Last week the US Federal Communications formally adopted stricter “net neutrality” rules that essentially will regulate the internet in the country like a public utility. (Here is a good, plain English explainer on what that actually means).
Of course, this ruling could (and probably will) be challenged in the courts by the big broadband companies. But many internet advocates and stock investors are already shifting their focus to looming consolidation in America’s communications markets that could change the way Americans access the internet and consume video.

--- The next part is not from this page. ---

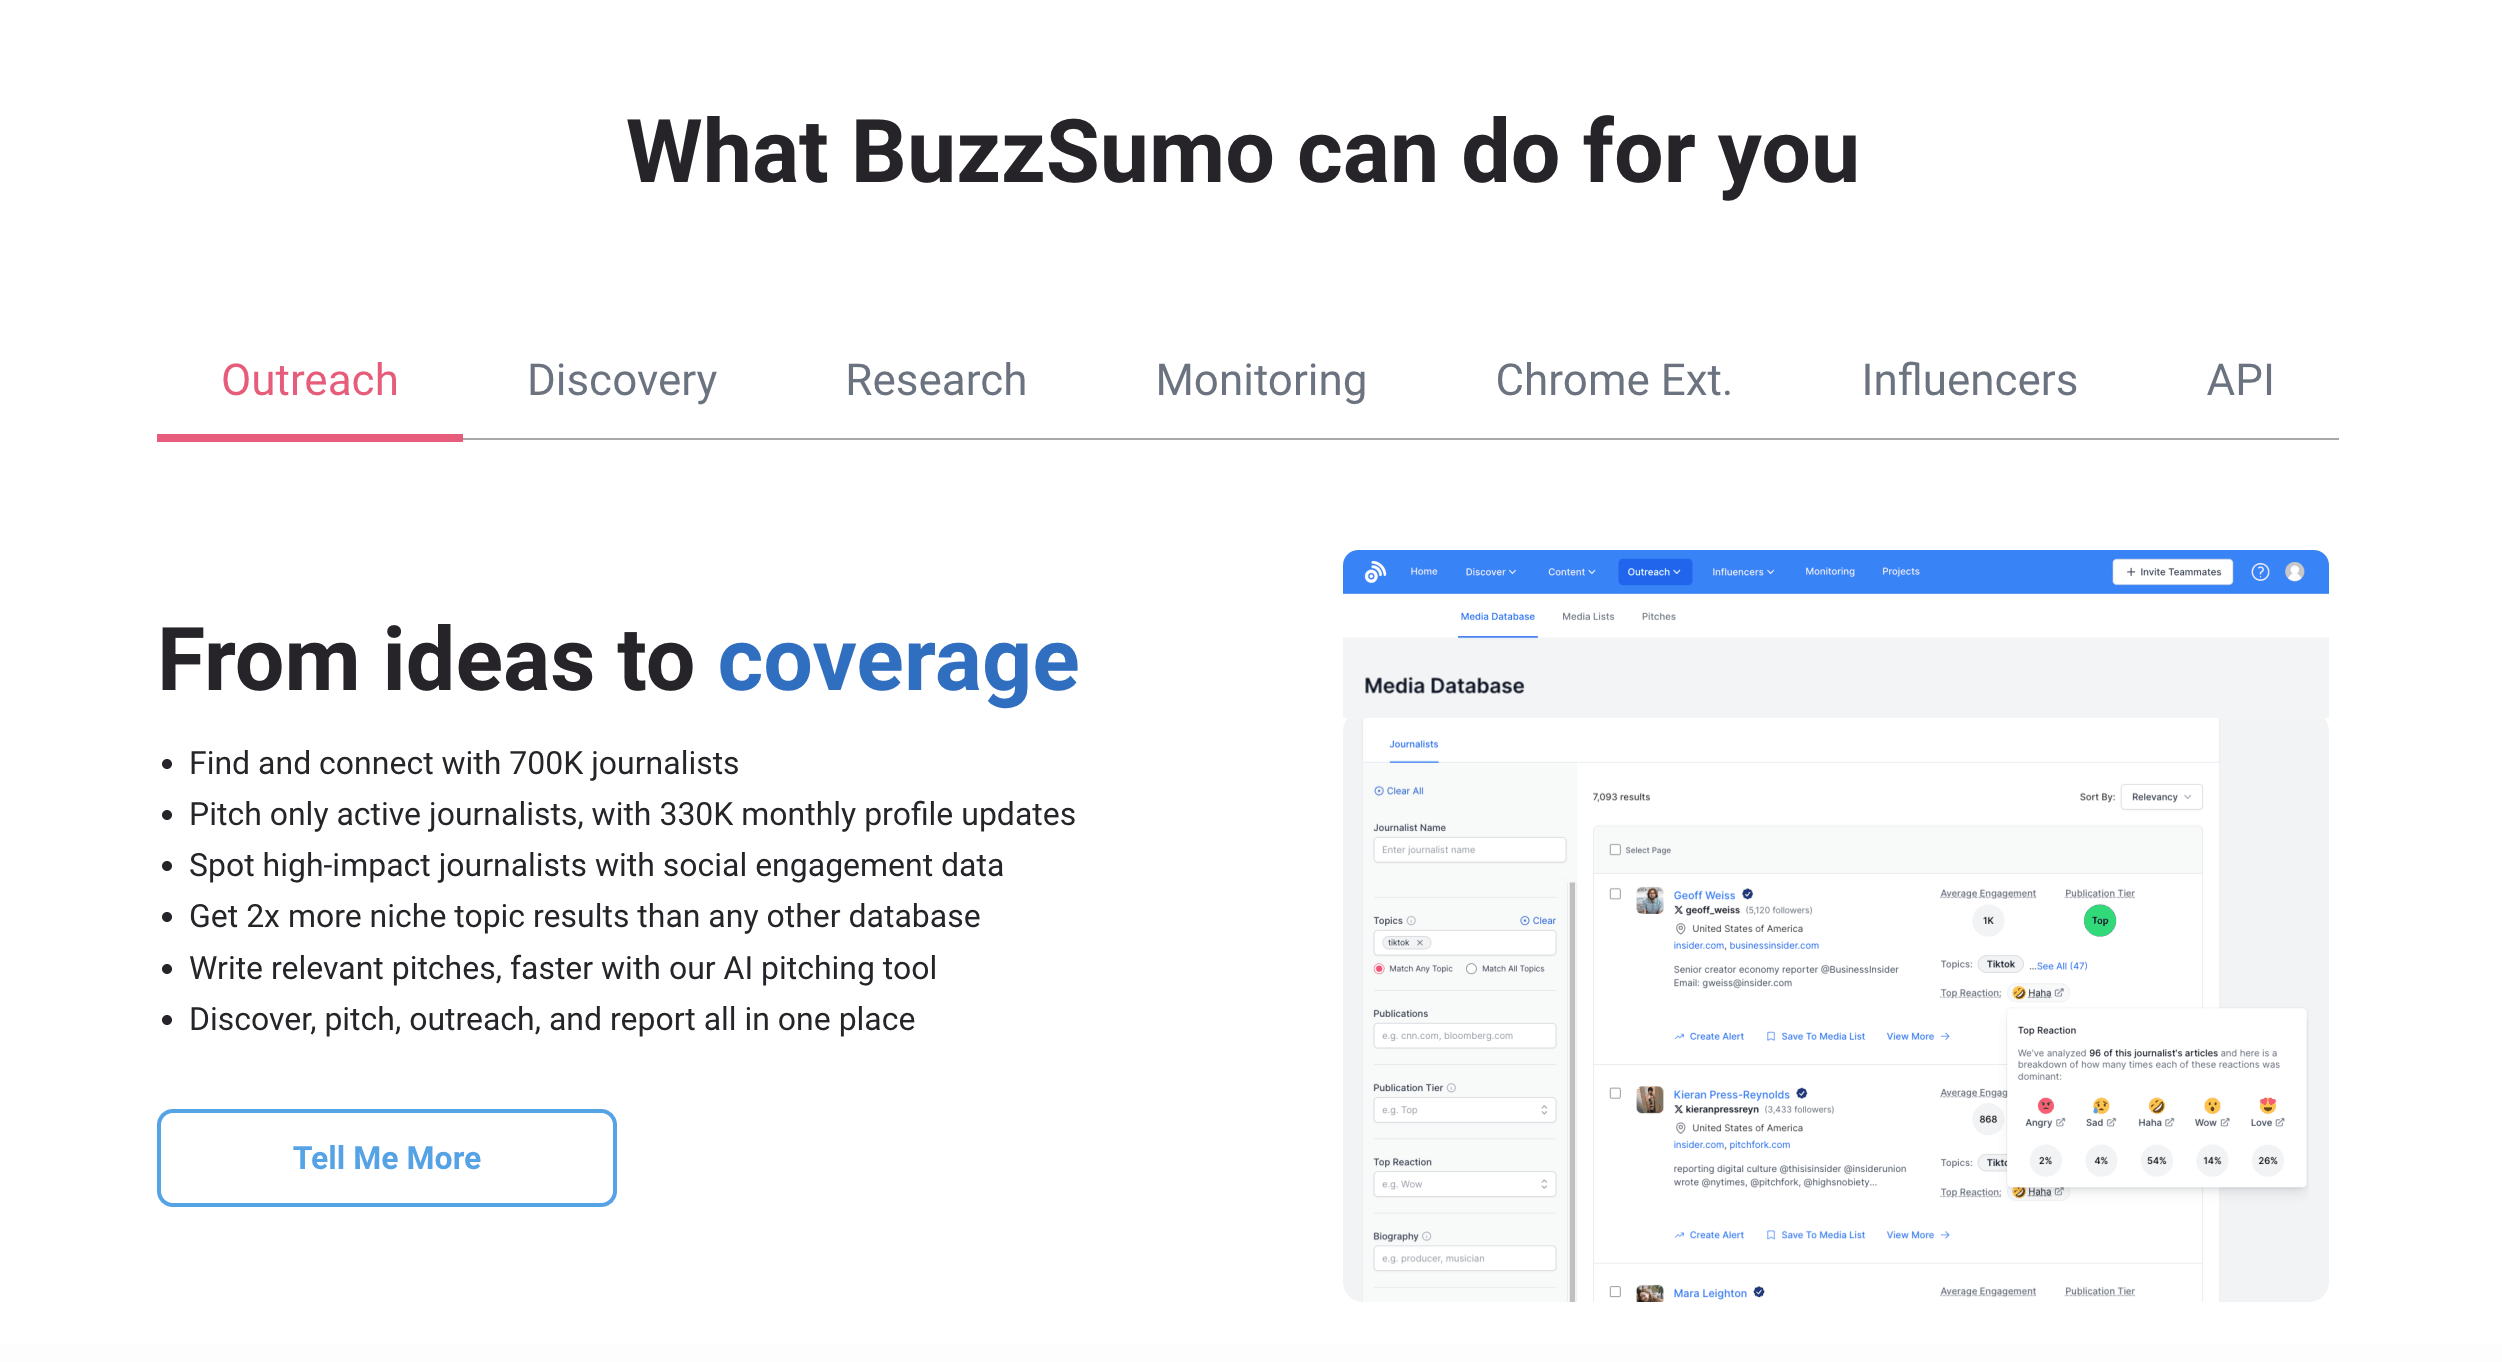 Buzzsumo

At least two major corporate transactions that had been in limbo while the net neutrality vote was up in the air, will now need FCC approval. And more could be coming.
Comcast-Time Warner Cable
This gigantic and politically contentious deal would combine America’s two largest cable companies. The FCC has an informal 180 day window (“shot clock”) to decide on transactions that in this case will expire at the end of March. Some people think that the approval of net neutrality will actually make it easier for the FCC to wave this one through. Macquarie Securities analyst Amy Yong told clients this morning that she thinks the merger ”will likely be approved by end of March / early April with company-specific conditions” which “could set the groundwork for future deals”.
Opponents, which include Netflix, Senator Al Franken, and John Oliver, remain fearful. One vociferous group, the Stop Mega Comcast Coalition, said in a press release that even with net neutrality, the deal would still harm competition, consumers, and the public interest. “No regulation, including net neutrality, can make up for this loss of competitive options.”

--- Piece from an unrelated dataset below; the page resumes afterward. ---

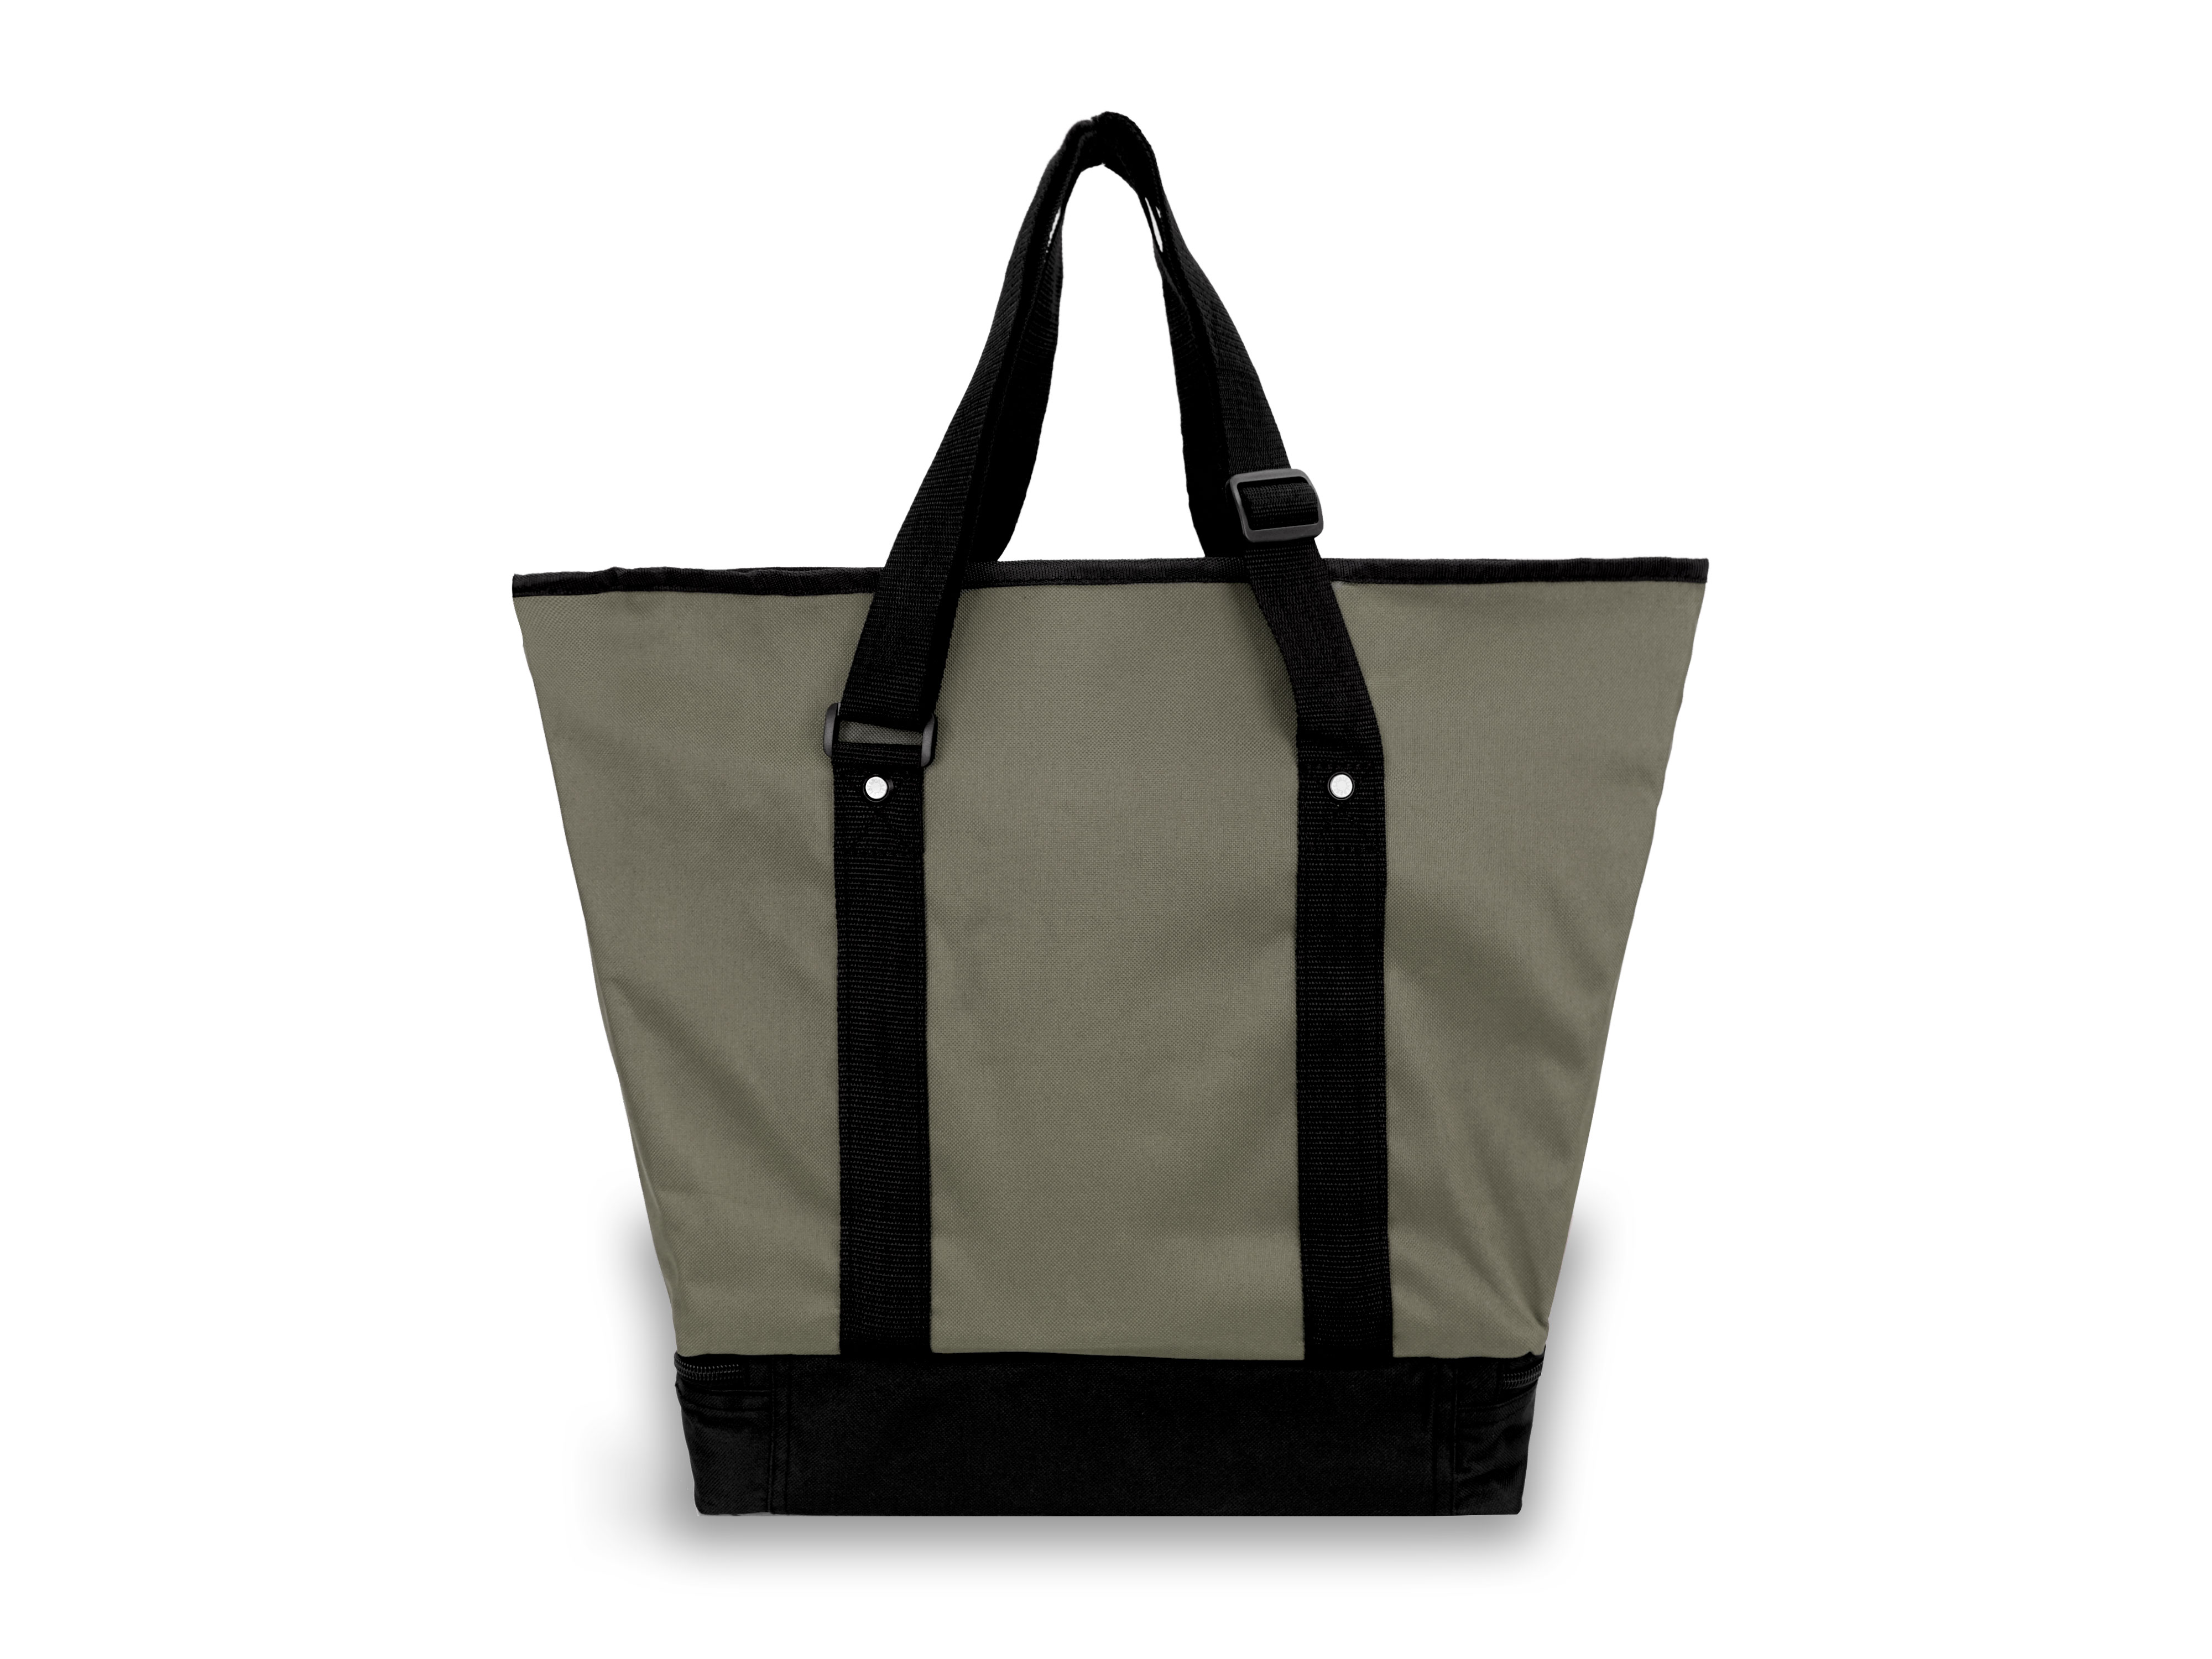 Everest Unisex Deluxe Shopping Tote Bag Khaki - image 3 of 4

The proposed deal between AT&T, the telecom giant and, DirecTV, a satellite TV operator, is bigger but far less contentious than Comcast-Time Warner and not really affected by the ruling. The FCC’s review of this deal is expected to also conclude by the end of month.”We continue to believe the transaction will close with minimal concessions” Jefferies analyst Mike McCormick said last month. AT&T is pondering whether to rebrand (paywall) the satellite pay TV company under its own name.
What about T-Mobile?
T-Mobile has long been considered a prime acquisition target. But after a remarkable turnaround over the past year, it is now one of the jewels (paywall) in its parent company, Deutsche Telekom’s portfolio, which may no longer want to sell it.
Rival carrier Sprint and its Japanese owner Softbank made no secret of their desire to acquire the business last year. They were forced to walk away when regulators signaled they would never sanction a deal that reduces the number of wireless carriers from the current four players. The net neutrality ruling doesn’t really change that.
Speculation has since shifted to a potential deal between T-Mobile and satellite operator Dish Network (which recently launched an internet TV service, Sling TV). T-Mobile CEO John Legere actually made some comments about this at his parent’s investor day last week. ““It’s a conversation that our shareholders should have, but importantly from a position of strength,” he said. “Dish and [T-Mobile], that makes some sense.”